The Examiner
- The Examiner 1808-01-03: Issue 1
- Founder(s): Leigh Hunt and John Hunt
- Founded: 1808; 218 years ago
- Ceased publication: 1886; 140 years ago
- Language: English
- City: London
- Country: Britain
- Circulation: 6,000 (as of 1840)

= The Examiner (1808–1886) =

British weekly newspaper (1808–1886)

The Examiner was a British weekly paper founded by Leigh and John Hunt in 1808. For the first fifty years it was a leading intellectual journal expounding radical principles, but from 1865 it repeatedly changed hands and political allegiance, resulting in a rapid decline in readership and loss of purpose. The paper ceased publication in 1886.

==Early history==
While The Examiner was in the hands of John and Leigh Hunt, the sub-title was "A Sunday paper, on politics, domestic economy, and theatricals", and the newspaper devoted itself to providing independent reports on each of these areas. It consistently published leading writers of the day, including Lord Byron, Mary Shelley, Percy Bysshe Shelley, John Keats and William Hazlitt. The Hunt brothers failed in their initial aspiration to refuse advertisements in an effort to increase impartiality. In the first edition, the editor claimed The Examiner would pursue "truth for its sole object"; the paper's radical reformist principles resulted in a series of high-profile prosecutions of the editors. A tradition of publishing accurate news and witty criticisms of domestic and foreign politics was continued by Albany Fonblanque, who took over the paper in 1828.

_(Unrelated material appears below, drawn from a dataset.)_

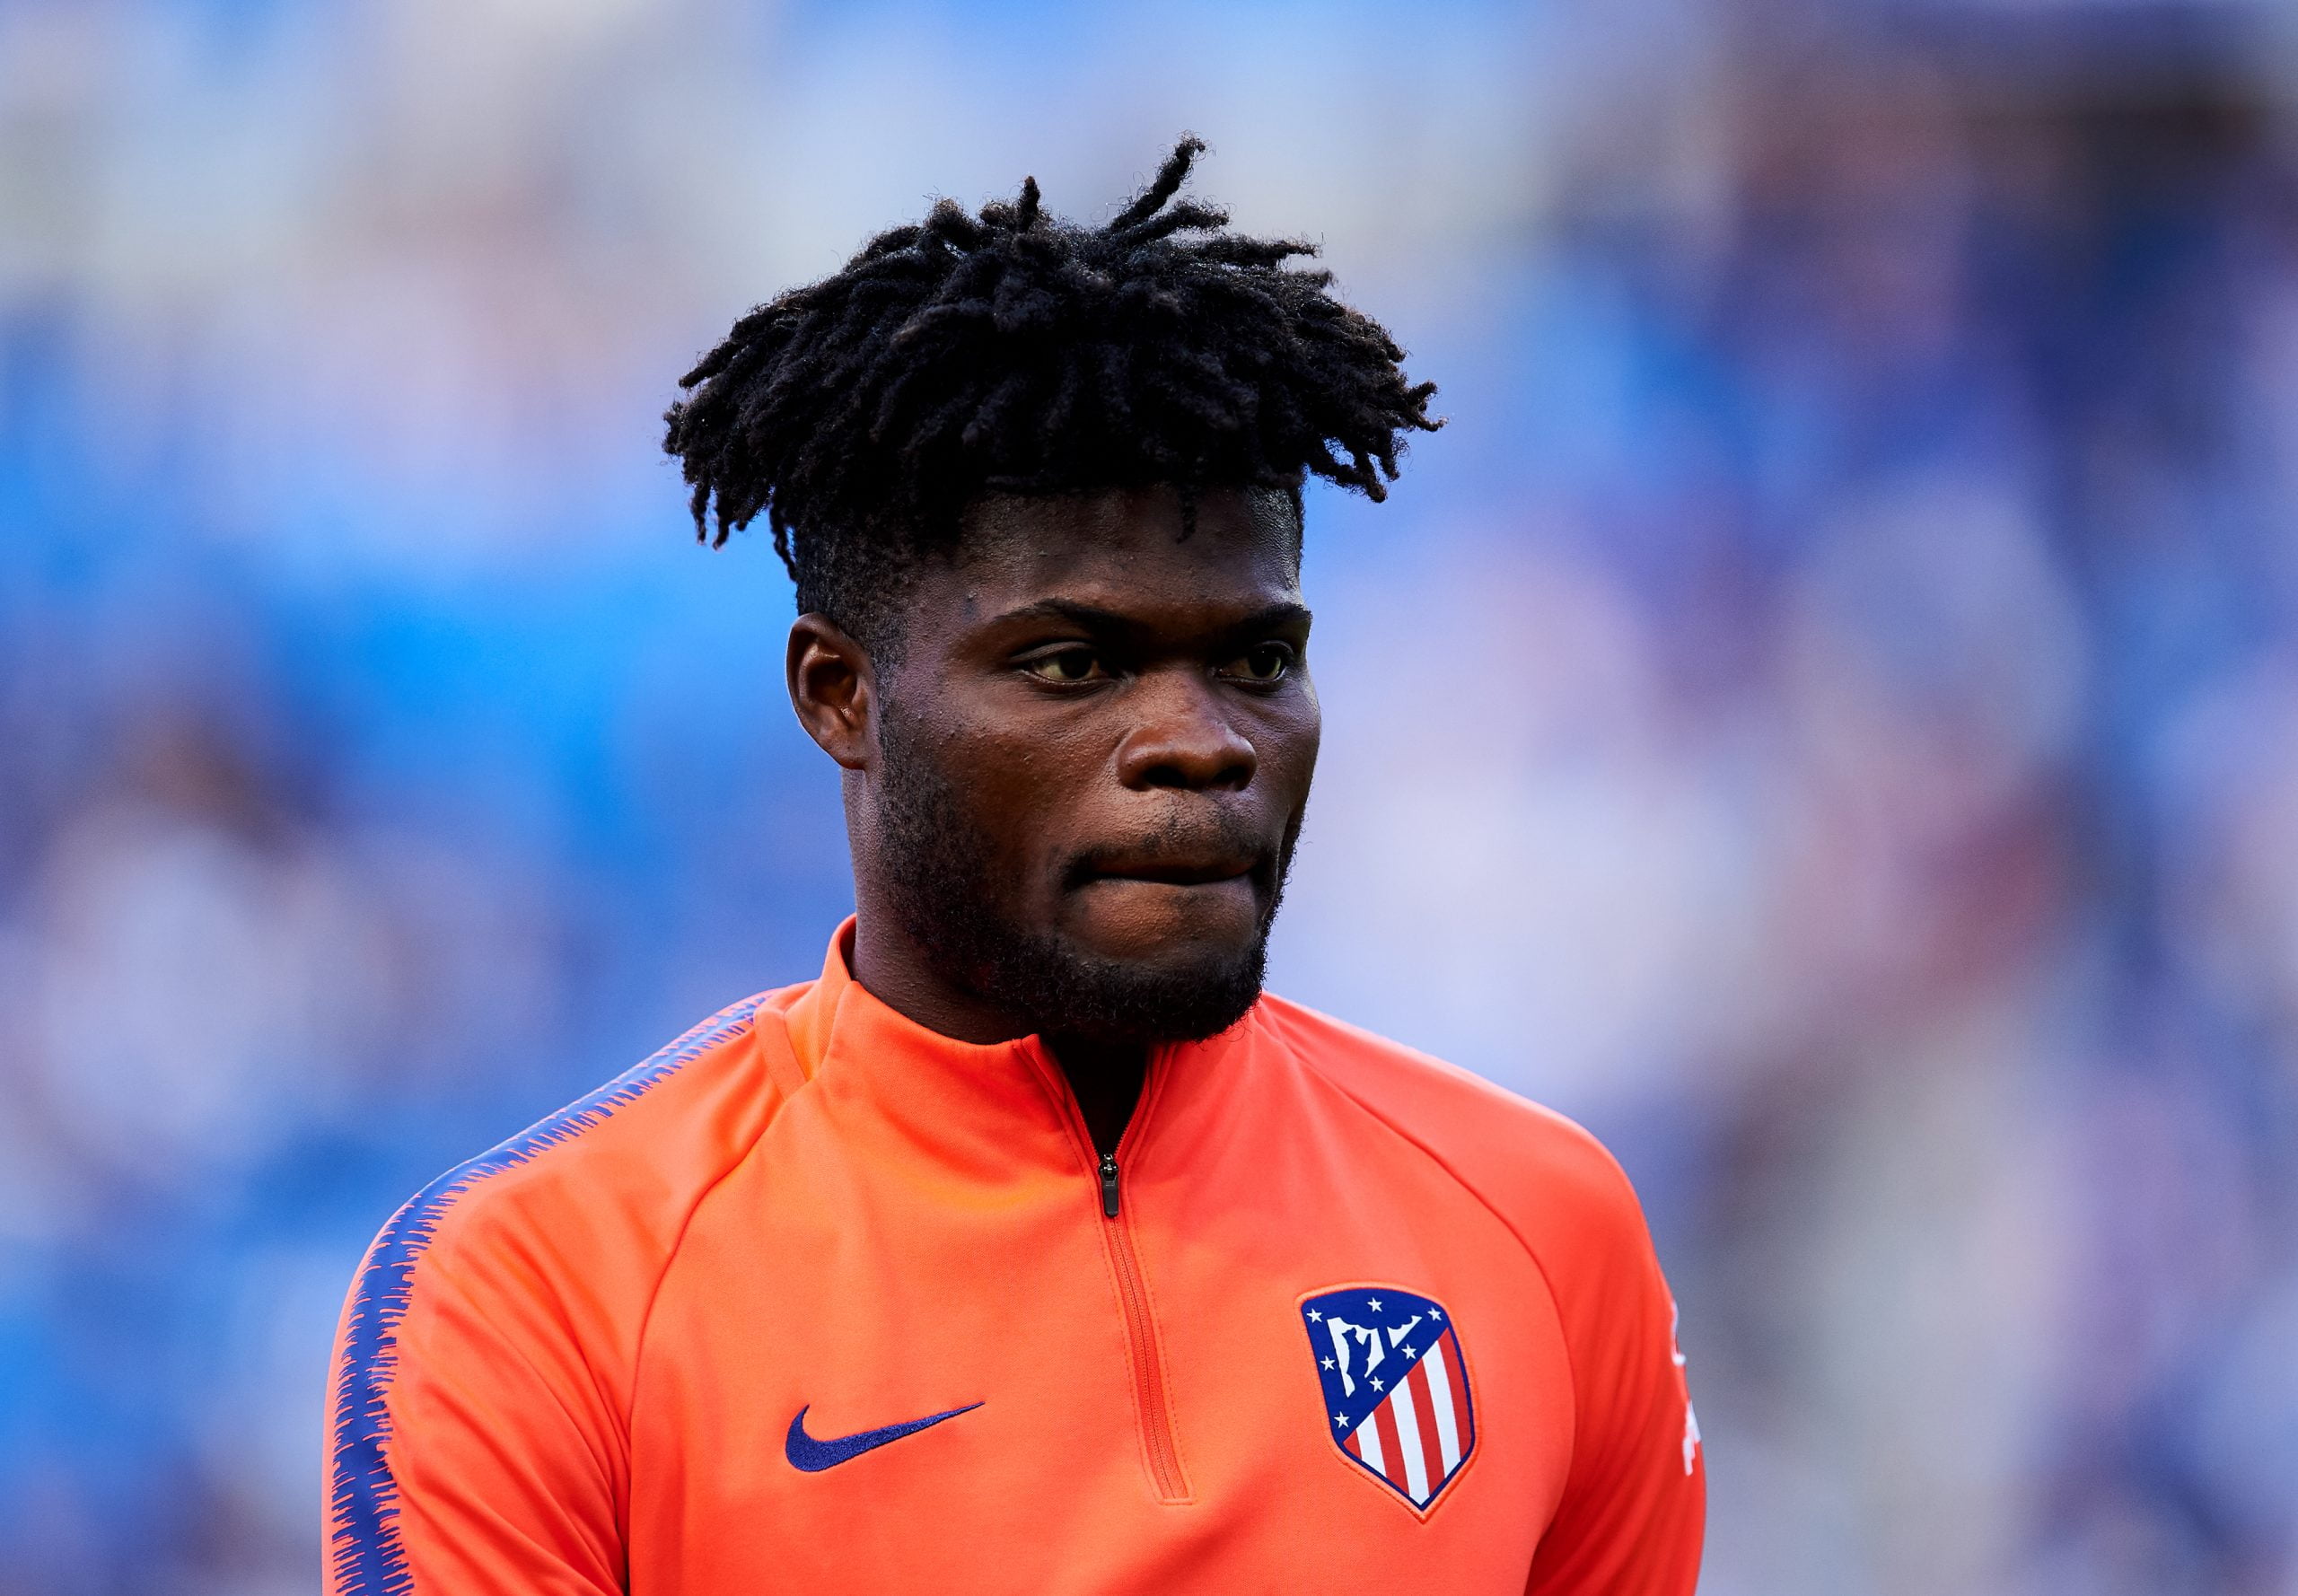 Arsenal prepared to triple Thomas Partey's wages this summer (Partey is deep in thought in the photo)

Until Fonblanque sold The Examiner in the mid-1860s, the newspaper took the form of a sixteen-page journal priced at 6d, designed to be kept and repeatedly referred to.

==Later times==
Albany Fonblanque, the journal's political commentator since 1826, took over The Examiner in 1830, serving as editor until 1847. He brought in such contributors as John Stuart Mill, John Forster, William Makepeace Thackeray, and most notably Charles Dickens. Fonblanque also wrote the first notice of Sketches by Boz (28 February 1836) and of The Pickwick Papers (4 September 1836). Forster became the magazine's literary editor in 1835, and succeeded Fonblanque as editor from 1847 to 1855. Forster himself was succeeded by Marmion Savage.

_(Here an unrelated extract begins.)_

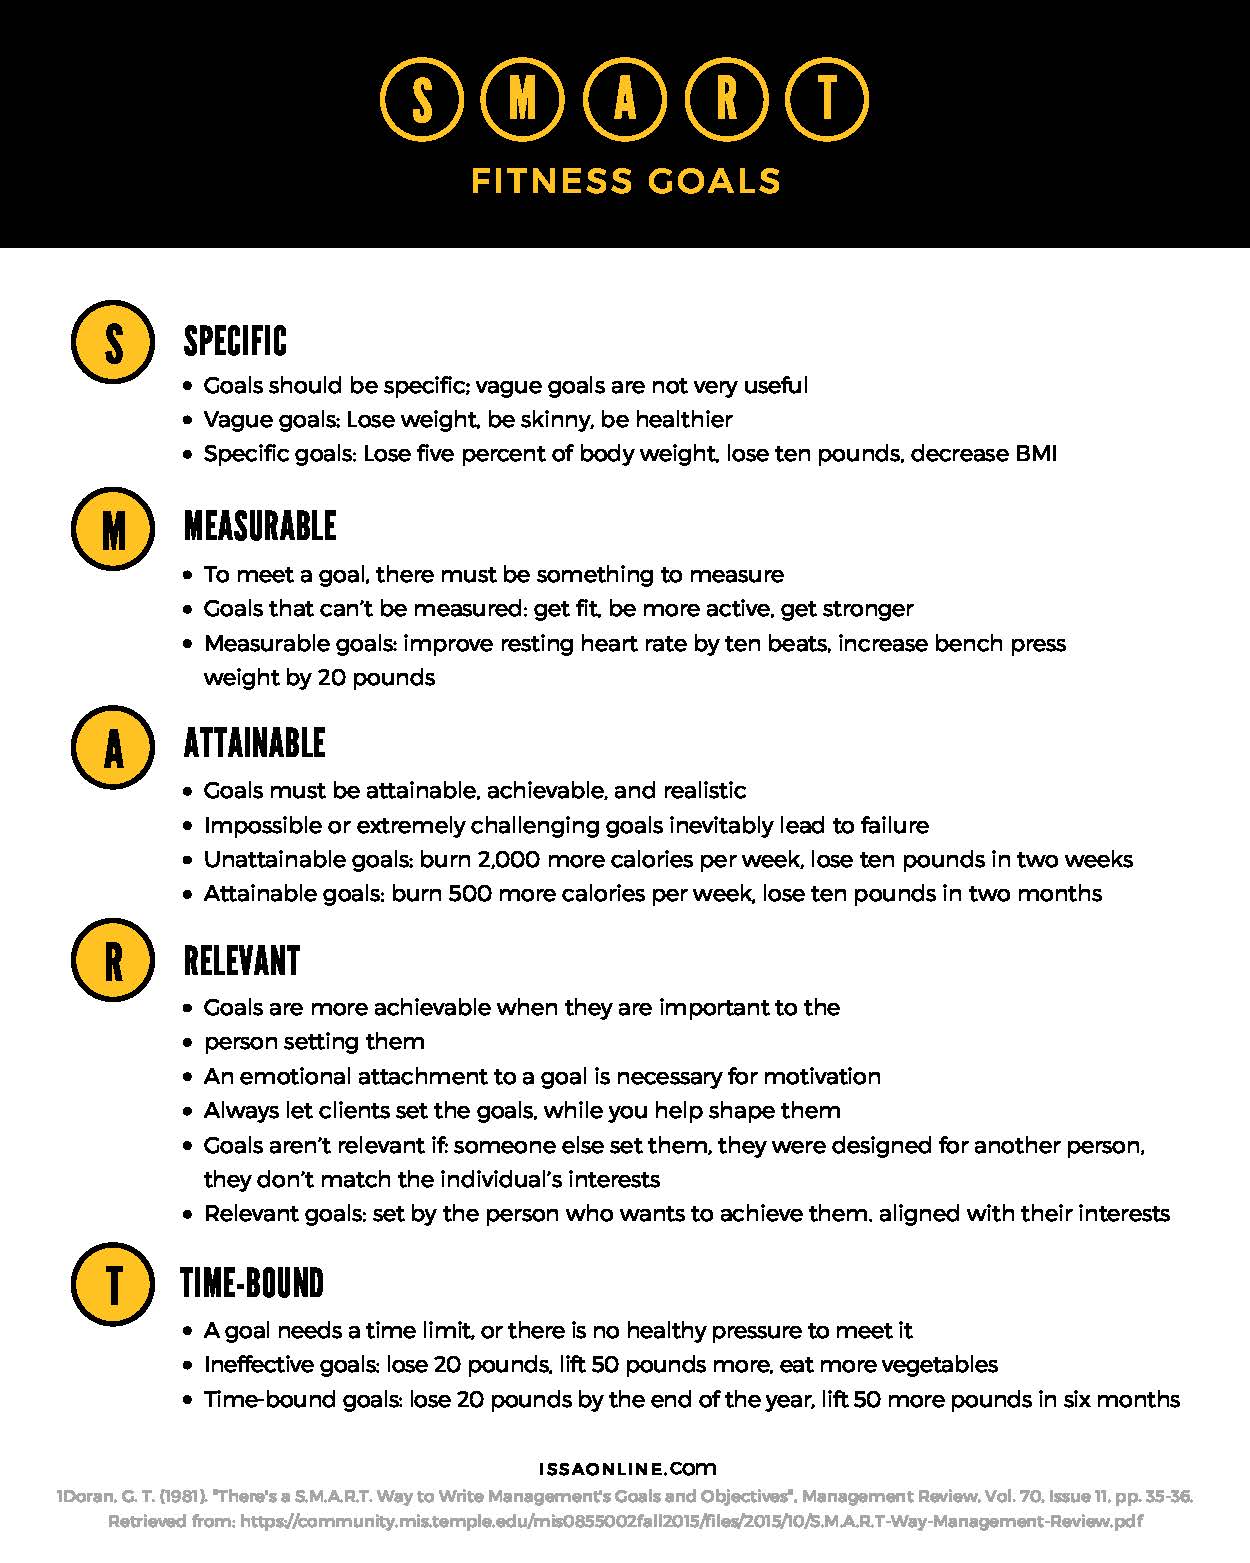 Tips to Set Realistic Fitness Goals You'll Actually Achieve

Circulation per issue varied over time. In 1829, it was 5,200, 1837 (3,900), 1840 (6,000), 1845 (5,100) and 1854 (4,800).

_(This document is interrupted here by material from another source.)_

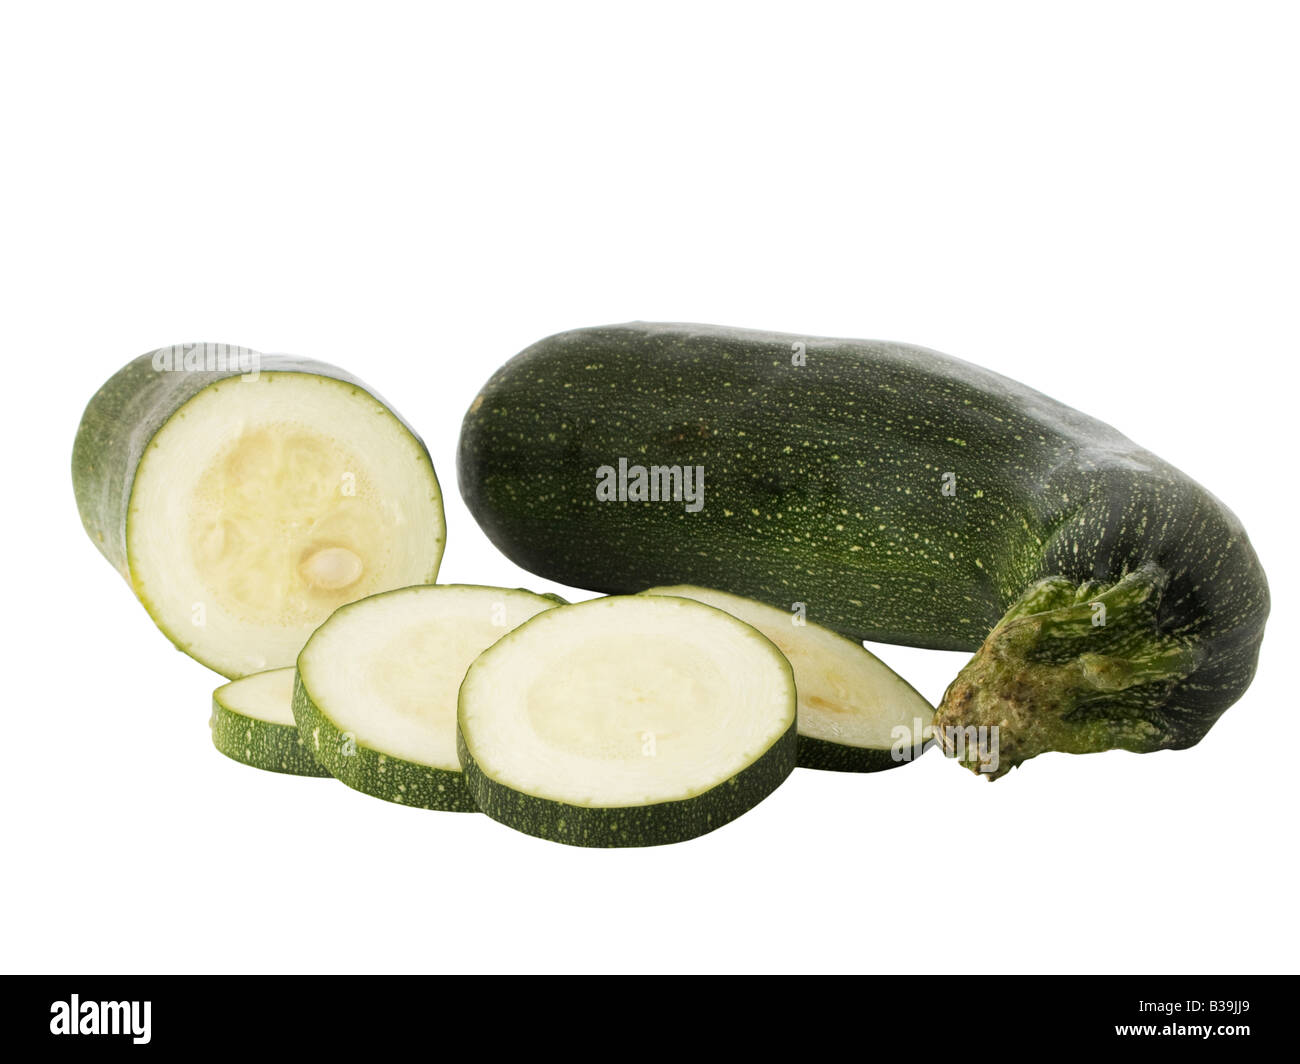 Sliced zucchini or courgette isolated on a white background Stock Photo

The Examiners reputation was undermined when the new owner, William McCullagh Torrens, halved the price of the publication in 1867. Although its tradition of radical intellectual commentaries was revived in the 1870s under the editorship of William Minto, The Examiner was repeatedly sold until the final edition appeared in February 1881.

The magazine ceased publication in 1886.